Girolamo della Volpaia (c1530-1614) was the last in a family of prominent Florentine instrument makers. His grandfather, Lorenzo di Volpaia, was active during the reign of Lorenzo the Magnificent, and built the famous planetary clock now held in the Palazzo Vecchio as a Medici commission. Lorenzo di Volpaia was a correspondent of Leonardo da Vinci, and was on the committee which decided the placement of Michelangelo’s David. His sons and grandson carried on the business. Girolamo made a name for himself in his own right after restoring the planetary clock his grandfather had made and carried out commissions in Venice and Siena. By the time Girolamo was active, the Medici were one of the great families of Europe. They had taken the title of Grand Dukes of Tuscany after Siena had been brought under Medici rule in 1560. Their growing wealth and power enabled a series of brilliant matches with royal houses from France to Lorraine.
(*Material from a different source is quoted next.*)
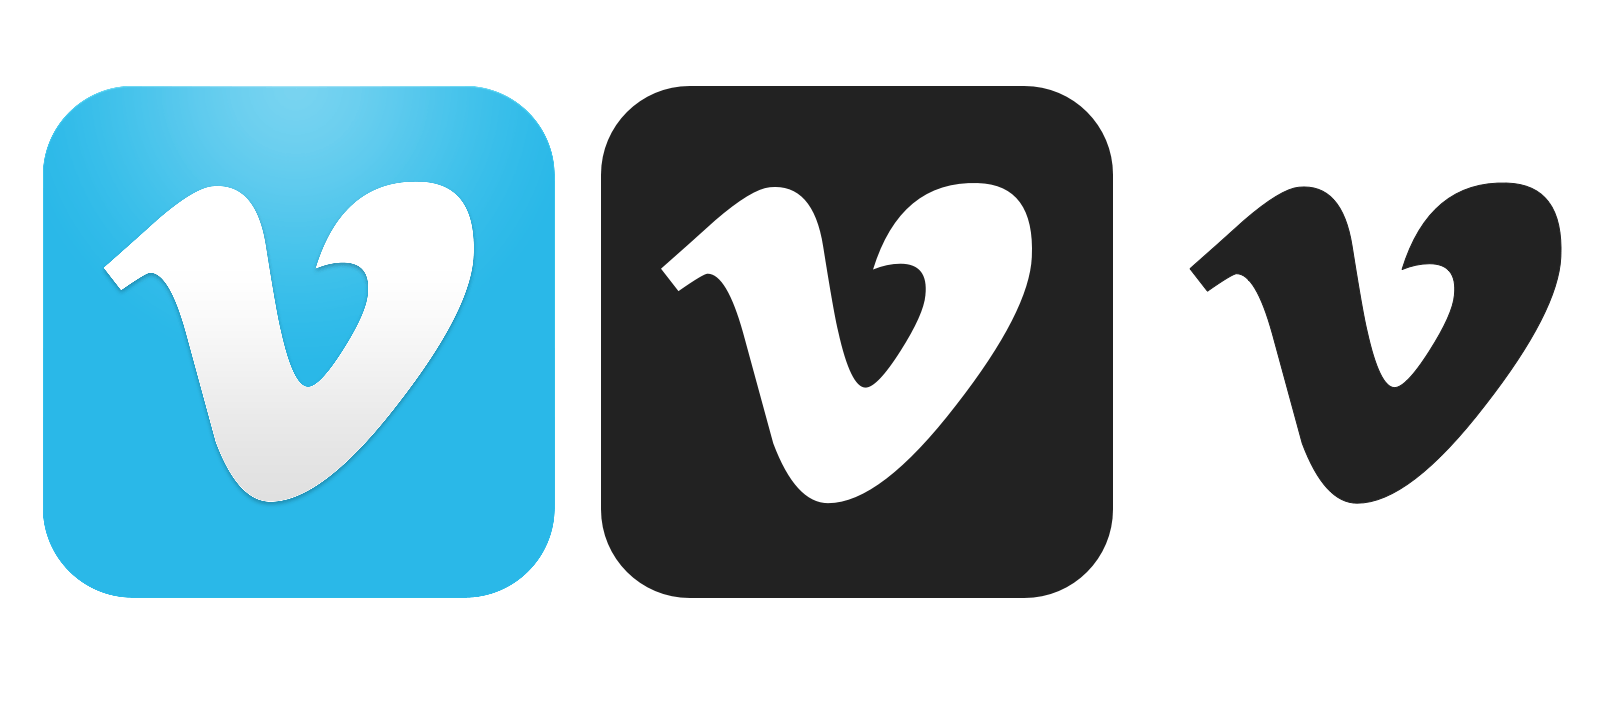 All Vimeo Logos.
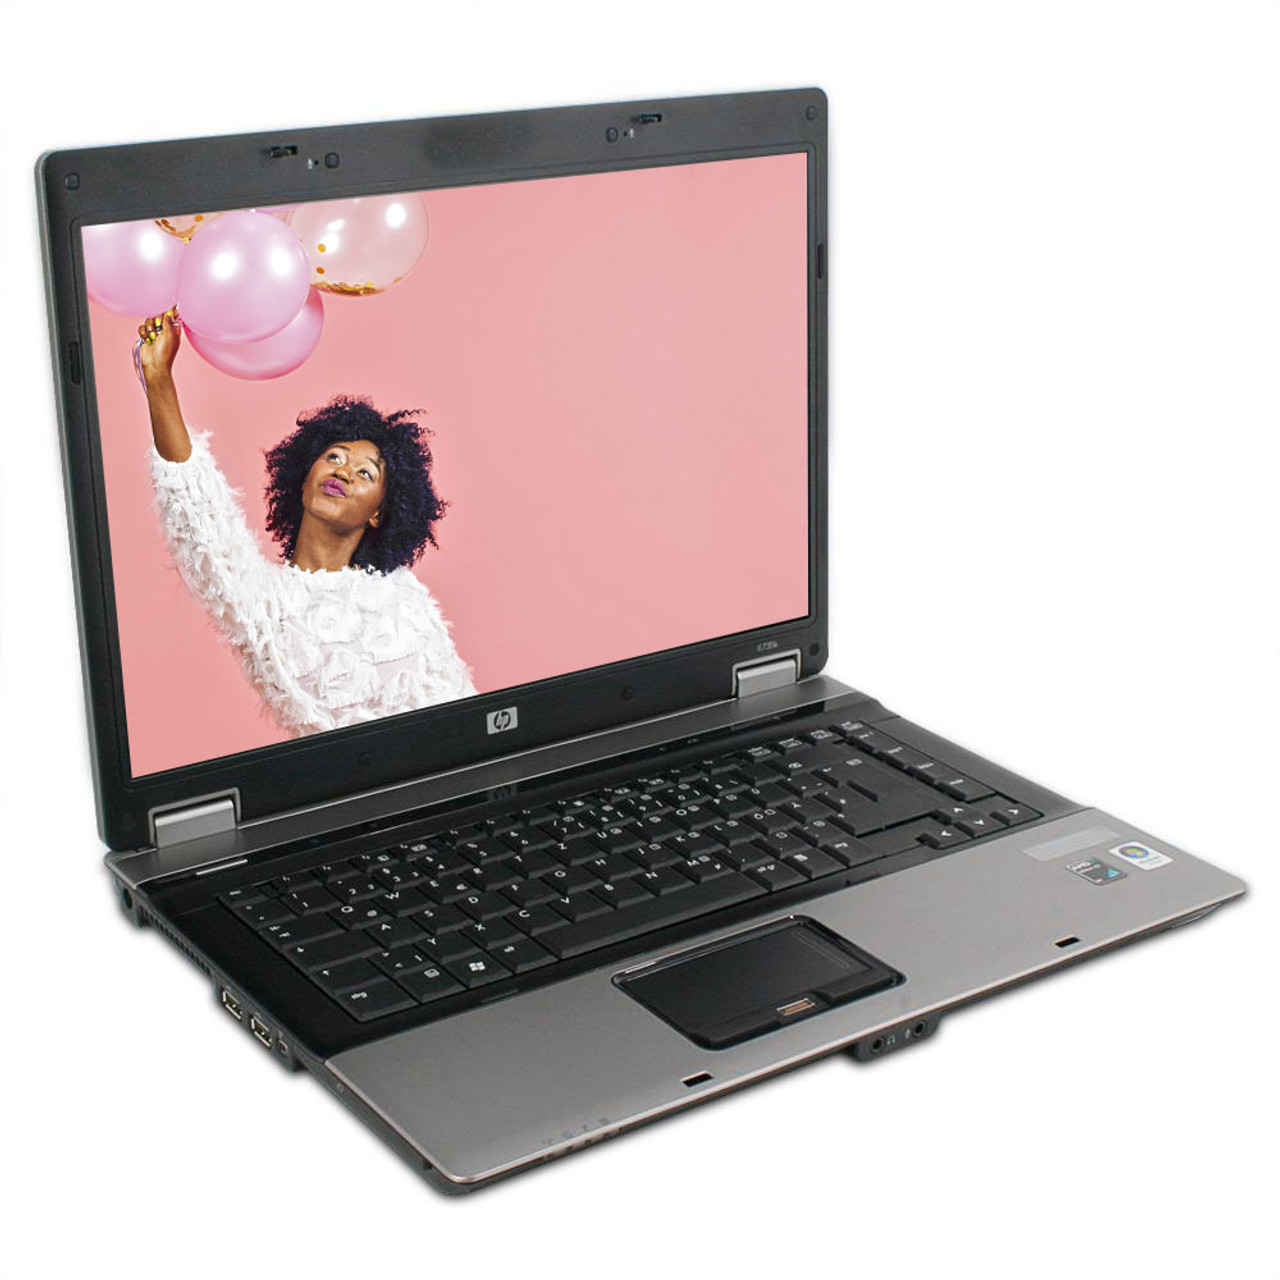 HP Compaq Laptop 6735b 15.4" AMD Turion II Dual Core 2.2GHz 4GB RAM 500GB  Windows 10 Home Bluetooth DVD WiFi

The family interest in science and the arts remained, and the Medici continued to buy instruments from the dell Volpaia workshop. This sphere would have been used to teach astronomical principles according to the theories of Aristotle and Ptolemy. It shows the earth at the centre of the universe; the heliocentric theories of the universe advocated by Copernicus and Galileo had not yet gained widespread acceptance, particularly in Italy.

Although there are a handful of extant instruments by Girolamo in existence, this sphere was unseen when it first came on the market and is not recorded in Maccagni.